In oblique and inventive ways, Eiléan Ní Chuilleanáin opens up three central questions about poetry: the question of tradition, the question of audience, the question of poetry’s cultural roots and reverberations. These questions intertwine in what Robert Graves calls the ‘cool web of language’; Ní Chuilleanáin, ‘a maze of languages’. The lecture on Pearse Hutchinson suggests how tradition, the transmission of trade-craft and much else, works on a micro and macro level. Ní Chuilleanáin writes about Hutchinson’s complex linguistic world, and about his equally complex influence on her own work, in ways that prepare for her discussion of audience in the second lecture.
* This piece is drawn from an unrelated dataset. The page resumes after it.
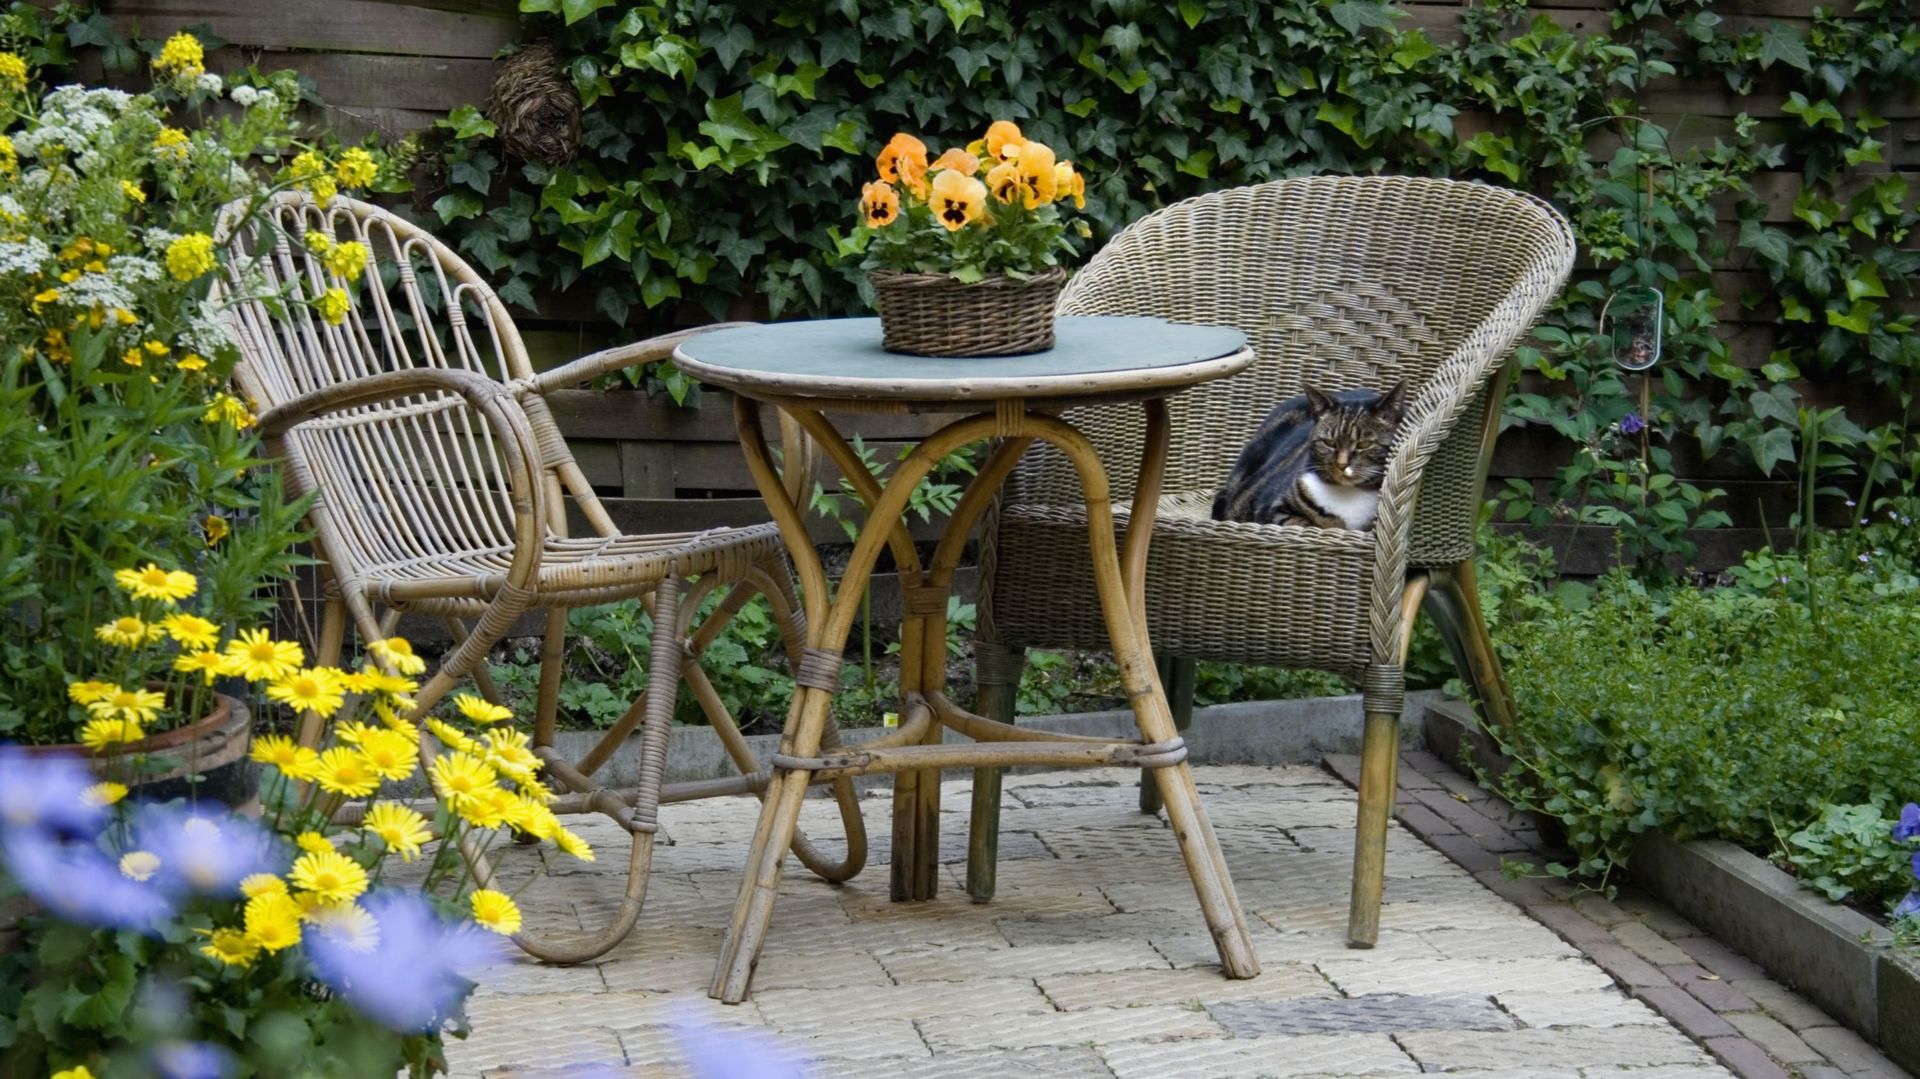 Garden Patio with Wicker Furniture and Housecat

Here she represents the mysterious poet-reader relationship as ultimately established by the ‘immediate intimacy’ whereby a poem makes the reader ‘part of the poet’s network’. Her third lecture widens and deepens that network, in considering poetry as a substitute for ritual or as itself ritual. Ní Chuilleanáin defines ritual as ‘distinguished by the importance it allows to presence and to difference’ – which applies to her own criticism as to her poetry. She also honours poetic ritual by giving due space and attention to particular poems in Irish or English or to polyglot mazes.

The criticism written by poet-critics usually has an autobiographical dimension. Autobiography, sometimes overt, sometimes concealed, is a further pleasure of Instead of a Shrine. Eiléan Ní Chuilleanáin lays a trail that leads from her youthful reading, writing and self-discovery in Dublin to the Ireland Chair of Poetry, and to these fine lectures.